The Urban Veg project is based at heritage attraction Winterbourne House and Garden at the University of Birmingham, UK.
The project aims to promote a culture of urban food production as a means to addressing social exclusion and public health. Through the central theme of food growing it will introduce concepts of conservation, sustainability and increased well-being whilst addressing social isolation, low levels of physical activity, healthy eating and food provenance issues.

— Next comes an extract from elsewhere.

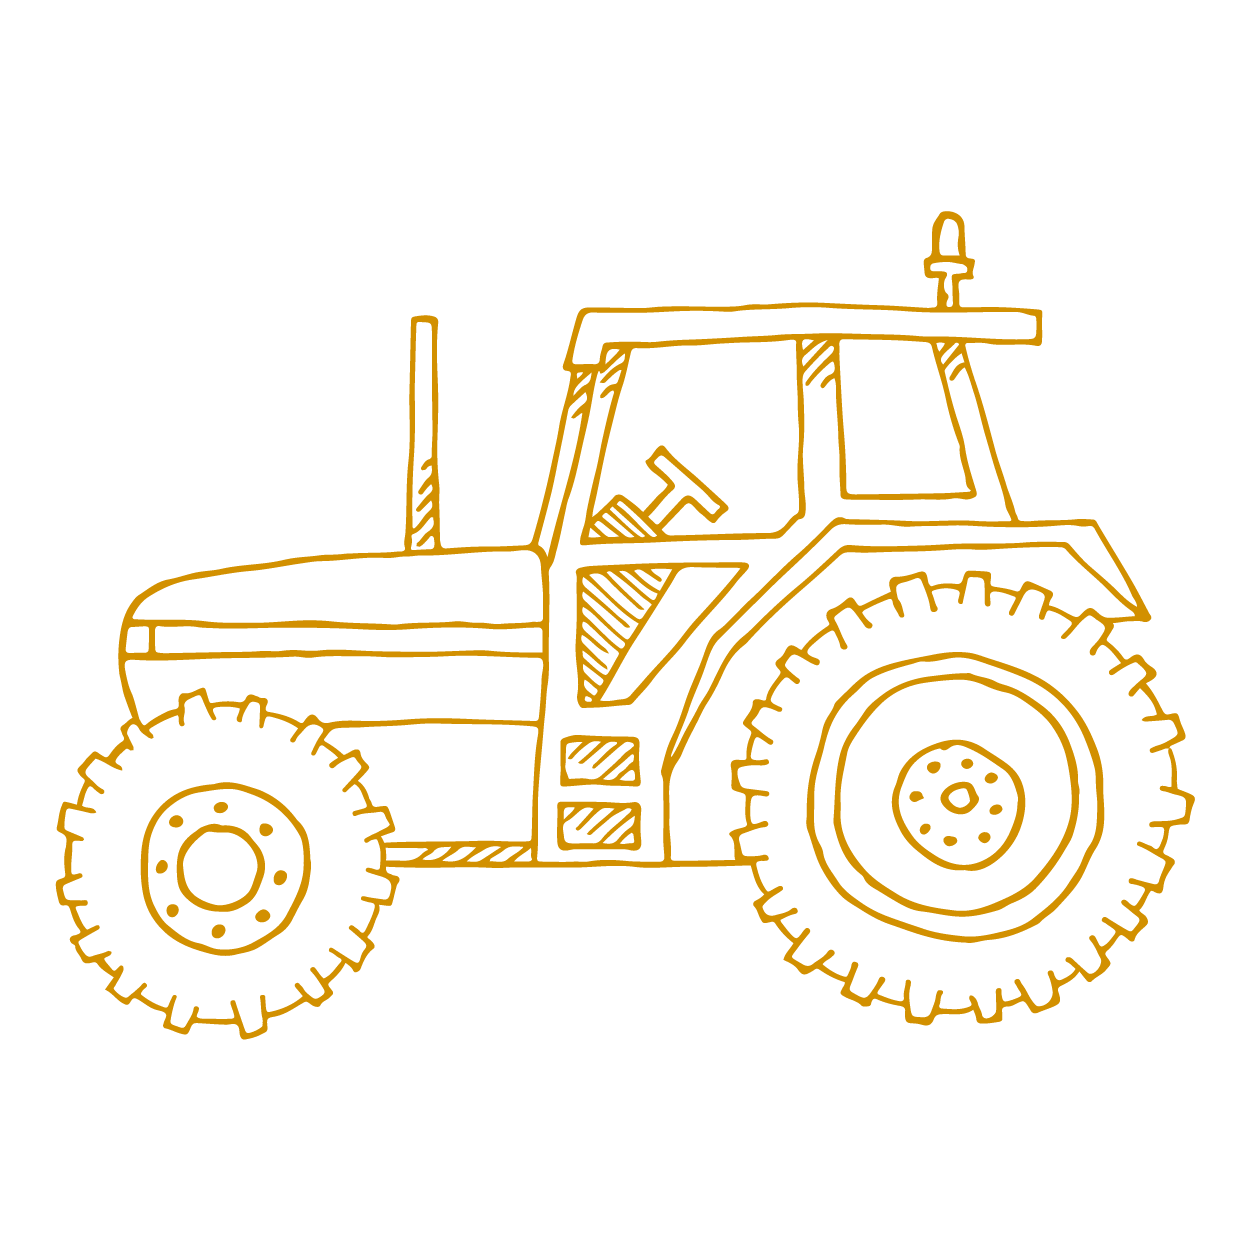 The Cornish Oven Gold Line Illustrations_Tractor

Working with the University of Birmingham staff and students, local communities, volunteers and school groups, the Urban Veg team and urban food adviser Alys Fowler will teach a variety of food growing techniques and general gardening skills over a range of programmes from short sessions to extended, in-depth training. Subjects taught will range from composting, food preserving, seed collection/storage and sowing to bee care, chicken care and wildlife gardening. Individuals and groups who attend training can then share their knowledge with others in their community and increase the amount of food produced in the city and its surrounds.
Urban Veg also helps make community actions possible such as Big Dig and The Community Food Festival and helps steer food growing strategies with Growing Birmingham. It has also acted as a point of contact for people wanting to start careers in horticulture and works with apprentices as part of their overall training at Winterbourne House and Garden in association with Birmingham Metropolitan College and The Jericho Foundation.

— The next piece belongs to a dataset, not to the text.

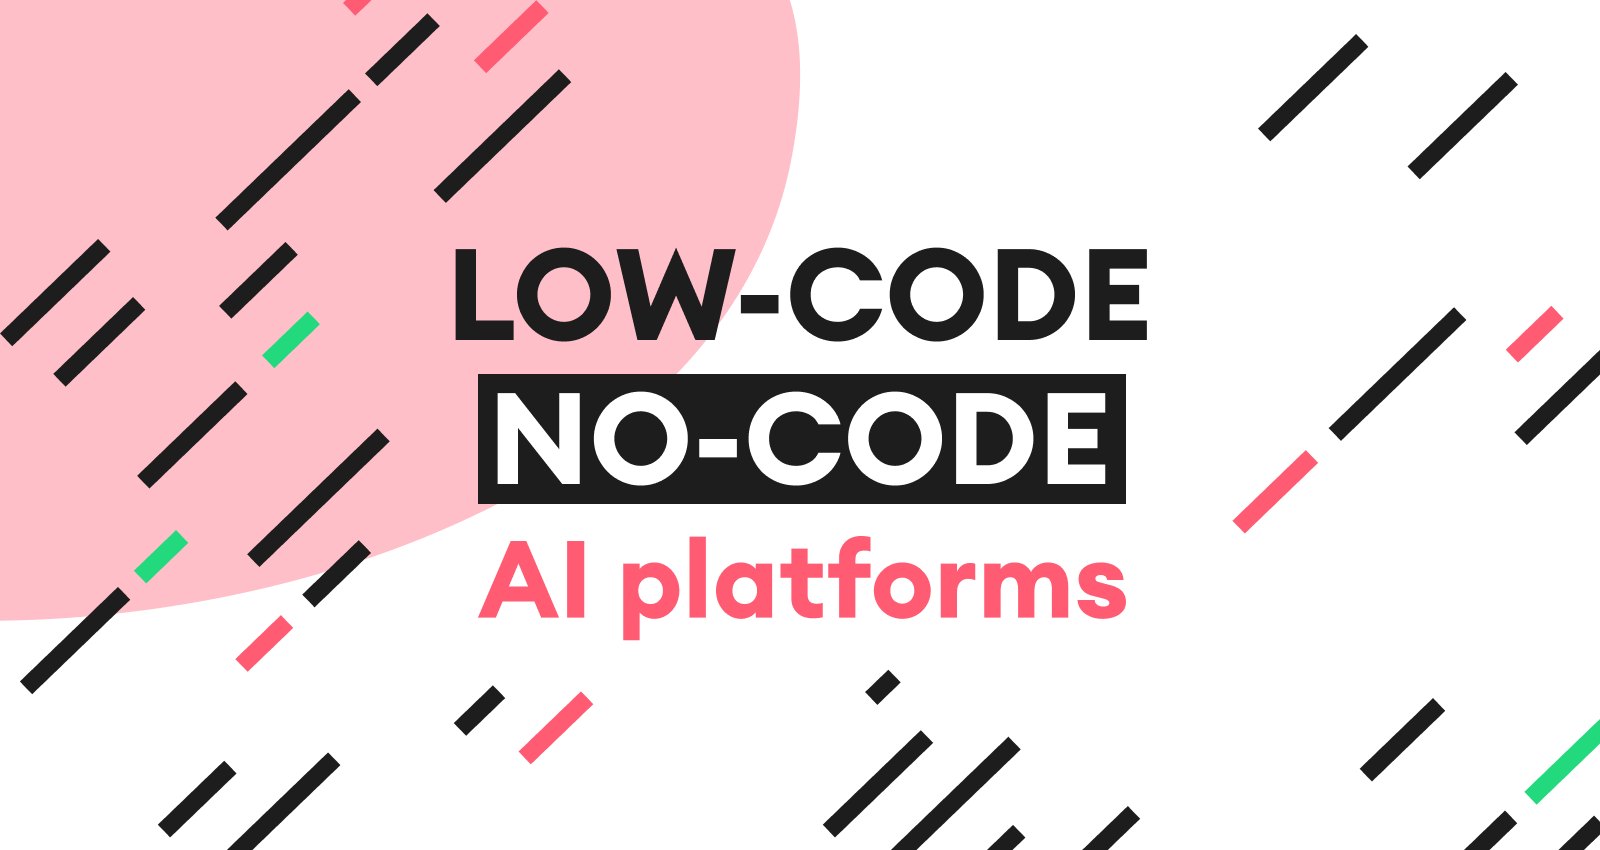 Low-code or No-code AI

A series of demonstration growing spaces are being made, encompassing window boxes, balconies and small gardens showing the possibilities for home growing. Systems (and concepts from them) such as ‘no dig’, organic gardening, permaculture and forest gardening will be utilised by gardeners and volunteers developing and maintaining the space to create a beautiful and bountiful gardens.
We will not offer public growing spaces or allotments, as this is offered by numerous small organisations in the area, but will provide a centre for excellence and best practice in urban agriculture. However, the public are invited to work alongside our gardeners as volunteers and we are more than happy to offer tours and work days for those interested.
The project was officially launched in September 2012 as part of the Brum Dine with me EU Researchers day with a Harvest Festival of demonstrations and activities. It is part-funded by Public Health West Midlands who come to Urban Veg to learn about food growing and its benefits.